Despite these findings, executives remain optimistic about AI’s potential, forecasting a 1.4% increase in productivity and a 0.8% increase in output over the next three years. However, they also expect a slight reduction in employment, while individual employees reported a modest increase in job opportunities.

Contradictory Evidence on AI’s Impact

While some studies suggest that AI can significantly enhance productivity, the overall data remains inconsistent. For instance, a 2023 MIT study claimed that AI implementation could boost a worker’s performance by nearly 40% compared to those who do not utilize the technology. However, this has not translated into observable productivity gains across the economy.

Economists like Torsten Slok have noted that AI’s presence is conspicuously absent from key economic indicators such as employment data, productivity statistics, and inflation metrics. He highlighted that, outside of a few leading tech companies, there are no clear signs of AI’s impact on profit margins or earnings expectations.

Mixed Findings from Recent Research

Recent research presents a mixed picture regarding AI’s productivity impact:

  • The Federal Reserve Bank of St. Louis reported a 1.9% increase in cumulative productivity growth since the introduction of generative AI tools like ChatGPT.
  • Conversely, a 2024 MIT study found a more modest 0.5% increase in productivity over the next decade, which some experts deemed disappointing given the high expectations surrounding AI.

Moreover, a report by ManpowerGroup indicated that while regular AI usage among workers increased by 13% in 2025, confidence in the technology’s utility dropped by 18%. This suggests a growing skepticism about AI’s effectiveness in enhancing productivity.

The Dangers of Overusing AI

Interestingly, some studies have indicated that excessive reliance on AI tools can be counterproductive. Research conducted by the Boston Consulting Group found that while using three or fewer AI tools improved productivity, using four or more led to decreased efficiency, with workers reporting feelings of “brain fog” and making more mistakes.

IBM’s chief human resources officer, Nickle LaMoreaux, highlighted the potential risks of AI displacing entry-level jobs, which could ultimately create a shortage of middle management and hinder the company’s leadership pipeline.

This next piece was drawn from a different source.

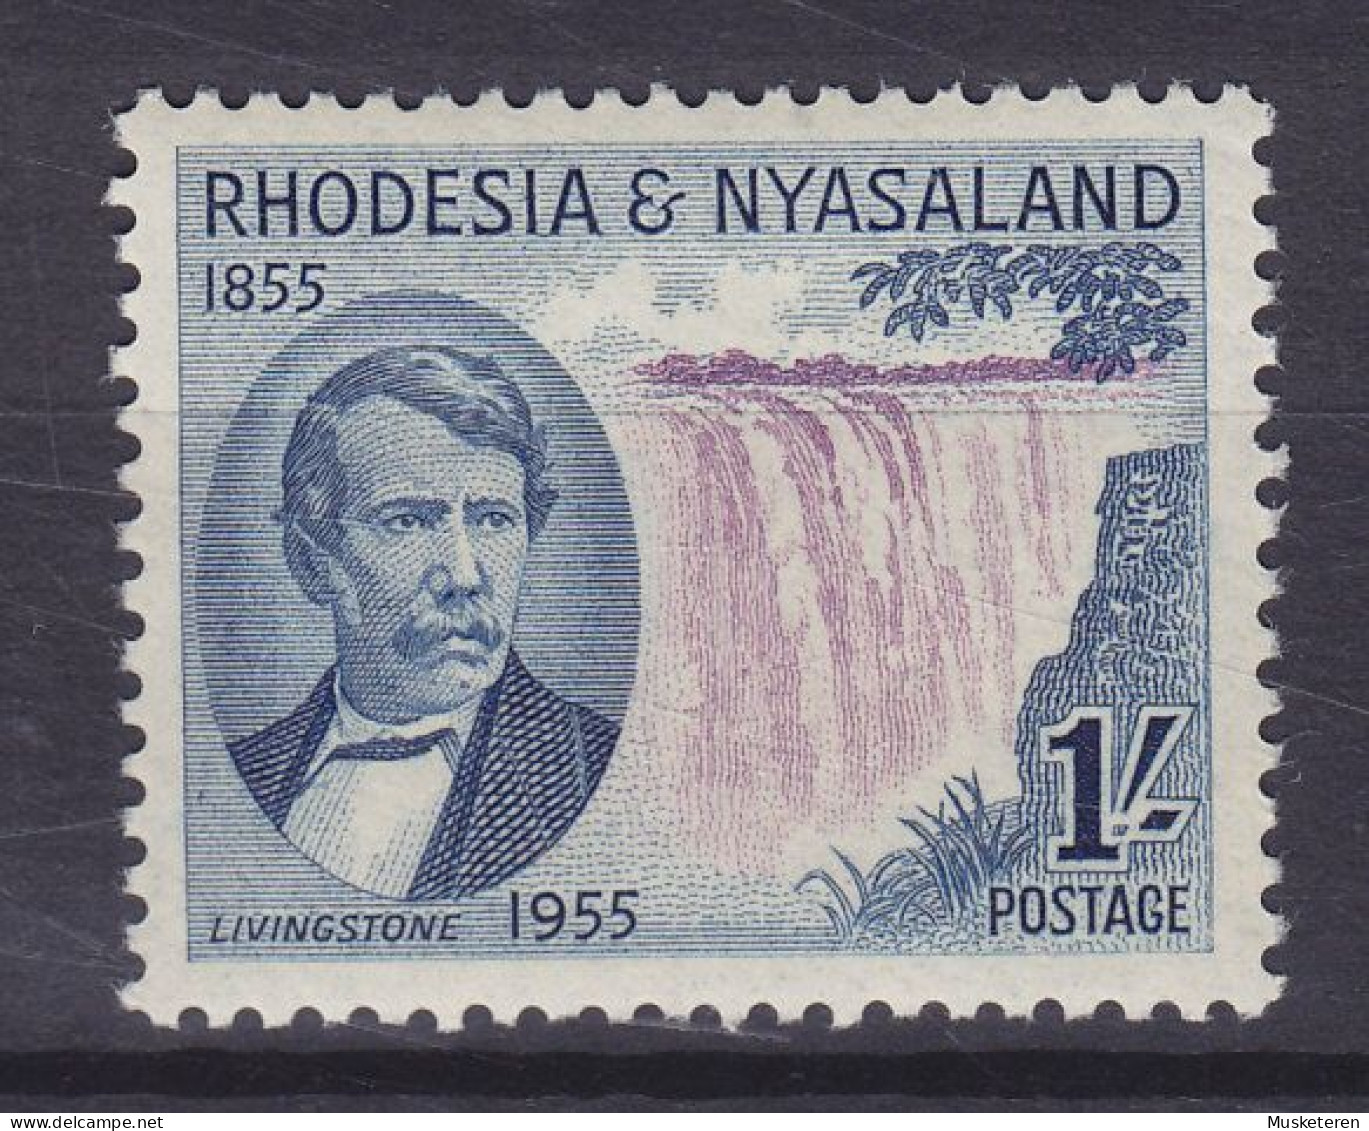 Rhodesia & Nyassaland 1955 Mi. 18, 1 Sh. David Livingstone & Victoria Falls, MNH** - Rhodésie & Nyasaland (1954-1963)

Potential for Future Productivity Gains

Despite the current stagnation in productivity gains, there is hope that this trend may reverse. The IT boom of the 1970s and 1980s eventually led to a surge in productivity in the 1990s and early 2000s. Some economists, including Erik Brynjolfsson, have noted signs of a potential productivity surge, citing a 3.7% increase in GDP and a 2.7% jump in productivity attributed to AI investments.

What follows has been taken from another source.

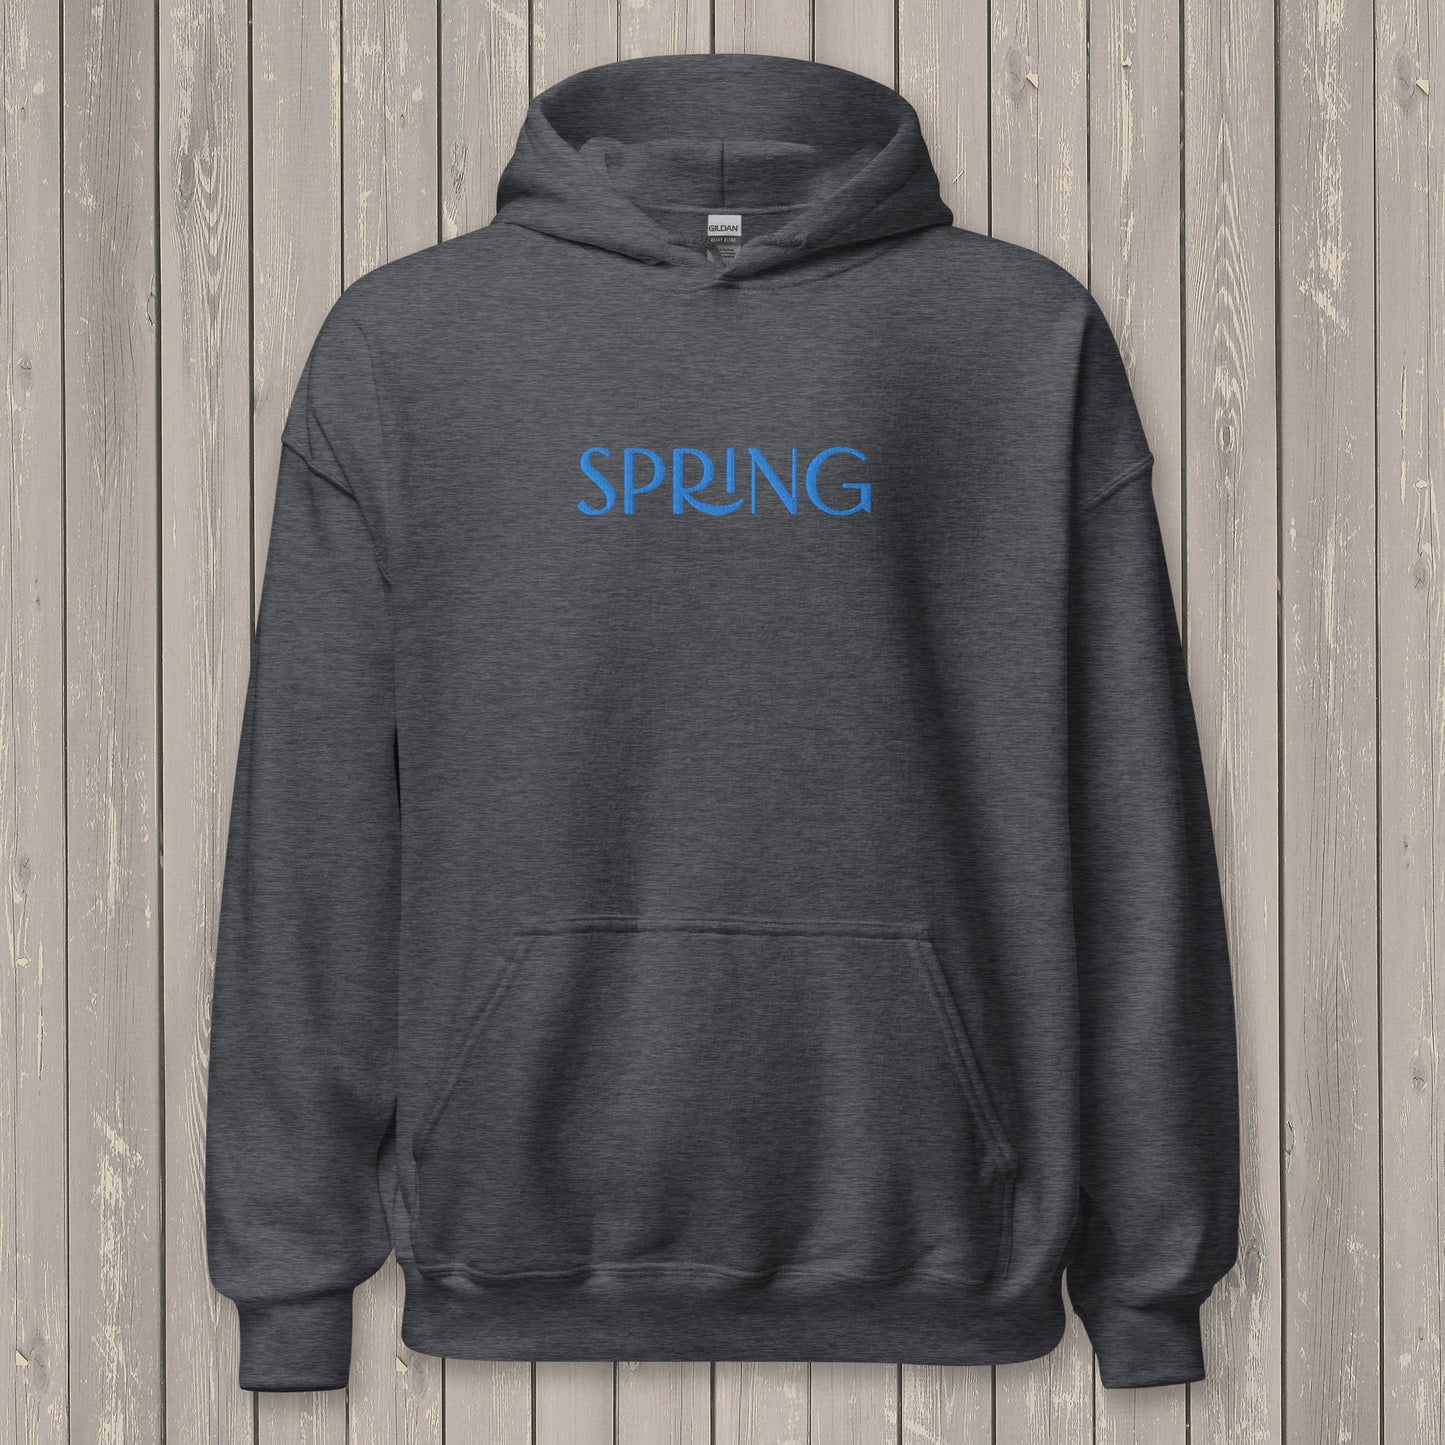 Hoodie "Spring" (Embroidery)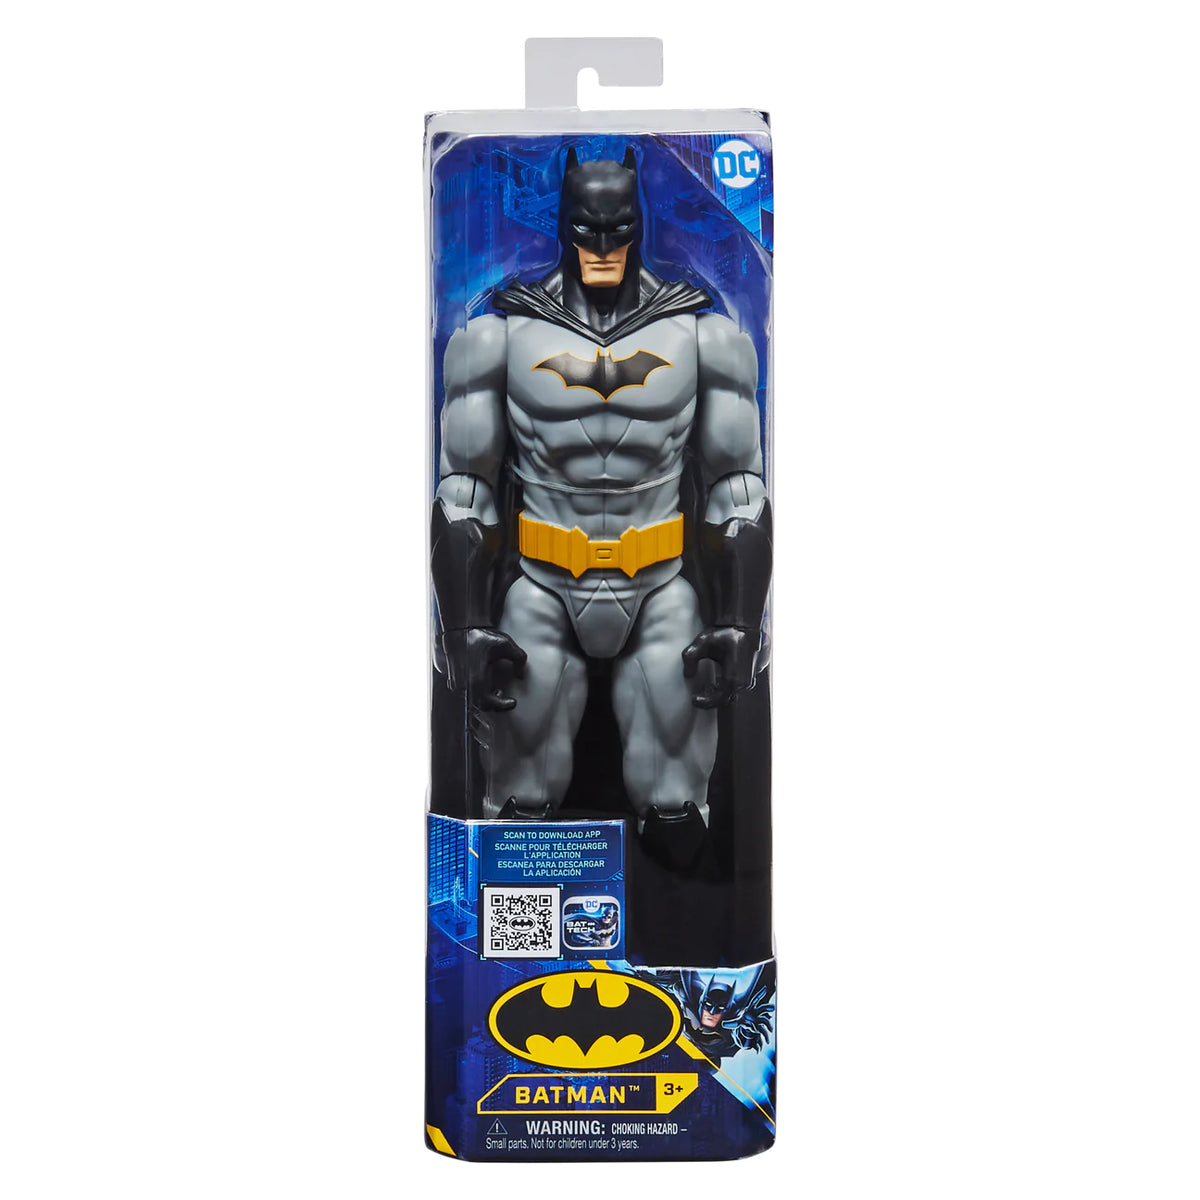 DC BATMAN FIGURINE 12” – tag-along-toys

Moreover, a study by the Stanford Institute for Economic Policy Research found that generative AI could significantly enhance the efficiency of online tasks, although the time saved was often spent on leisure activities rather than skill development.

The Future of AI and Productivity

As we look ahead, the trajectory of AI’s impact on productivity remains uncertain. Economists like Torsten Slok suggest that AI’s productivity gains may follow a “J-curve” pattern, initially resulting in a slowdown before experiencing exponential growth. However, this will depend on how effectively companies leverage AI to create value.

Unlike the IT boom of the past, today’s AI tools are widely accessible due to intense competition among developers, which may influence the future landscape of productivity gains.

Conclusion

The current state of AI in the workplace raises important questions about its actual impact on productivity and employment. While many executives remain optimistic about the potential benefits of AI, the evidence suggests that we may be experiencing a modern-day productivity paradox reminiscent of the IT era. As companies navigate this complex landscape, it remains to be seen whether AI will ultimately deliver on its promises or if it will continue to fall short of expectations.

Note: The information presented in this article is based on data and studies available as of October 2023 and may be subject to change as new research emerges.